Cellular automata are simple models of computation that often demonstrate complex emergent behavior. This behavior can be used to model many types of phenomena in the physical world. Elementary cellular automata, studied extensively by Stephen Wolfram in the 1980s and catalogued in his book A New Kind of Science (2002), are the simplest class of one-dimensional cellular automata.

How It Works

The first generation of every elementary cellular automaton is the same: a single alive (black) cell with an infinite number of dead (white) cells on either side.
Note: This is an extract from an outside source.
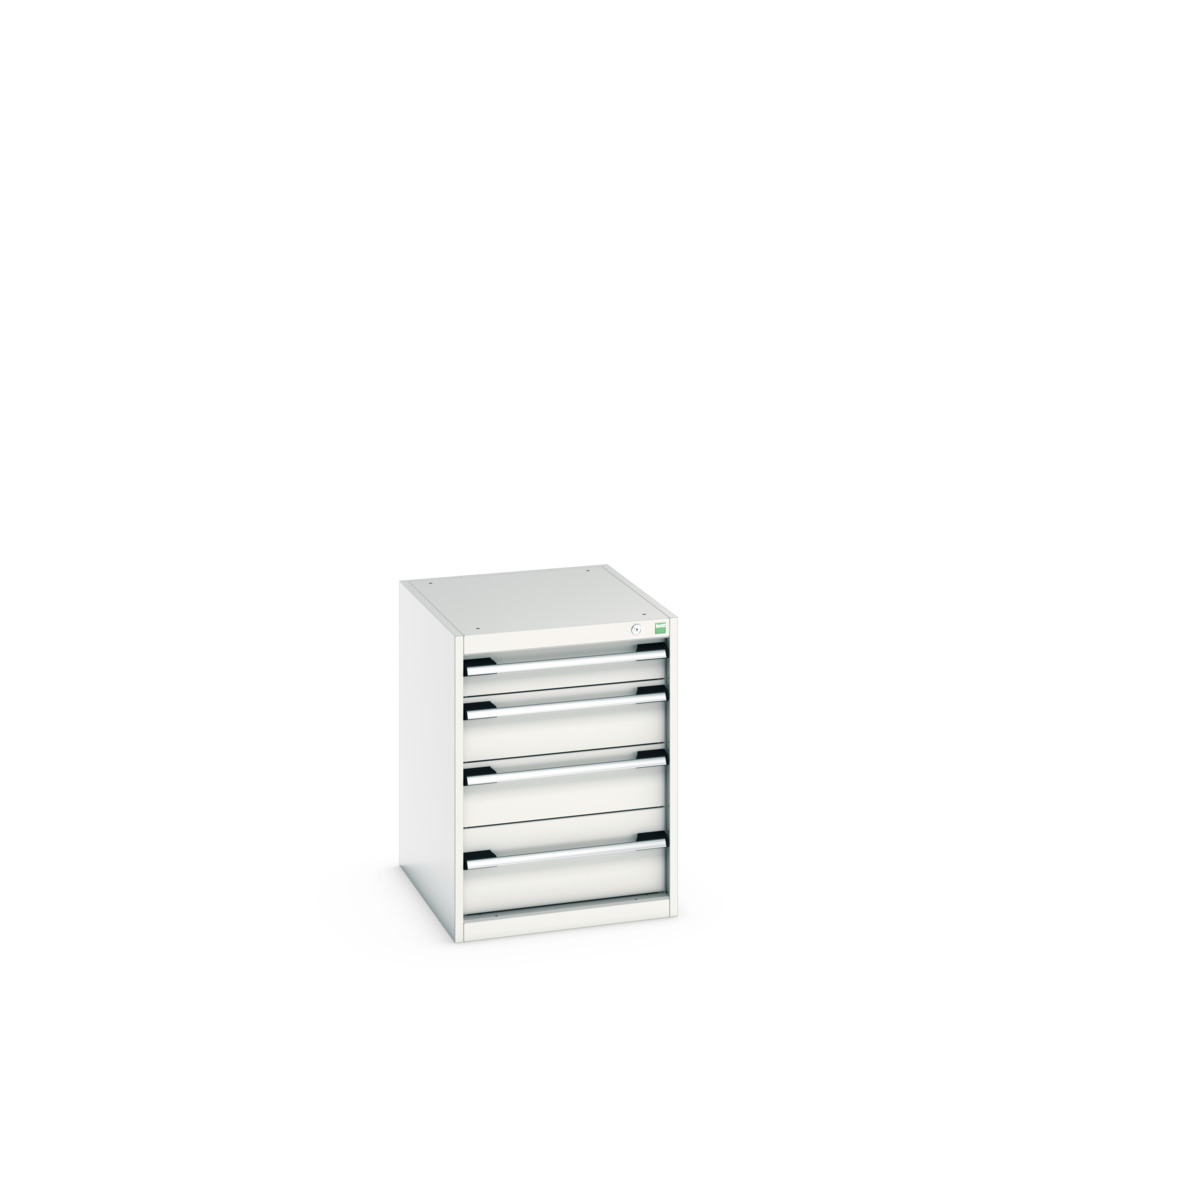 40018025.16V - cubio drawer cabinet

The state of each cell in subsequent generations is based on three values: the state of its left neighbor, its own state, and the state of its right neighbor in the previous generation. Because each of those states has two possible values (dead or alive), there are 2^3 = 8 possible input combinations:

1. Alive-alive-alive
2. Alive-alive-dead
3. Alive-dead-alive
4. Alive-dead-dead
5. Dead-alive-alive
6. Dead-alive-dead
7. Dead-dead-alive
8. Dead-dead-dead

The rules determine how each of these combinations affects the state of a cell in the next generation. For each of the 8 combinations, we can say the result is alive or dead. That gives us 2^8 = 256 possible rules.

Rule Numbering

Each rule is identified by a number from 0 to 255. The number, when converted to an 8-bit binary representation, specifies the output for each of the 8 input combinations. The bits map to the combinations in order: the leftmost bit gives the result for alive-alive-alive (combination 1), the next bit for alive-alive-dead (combination 2), and so on, down to the rightmost bit for dead-dead-dead (combination 8).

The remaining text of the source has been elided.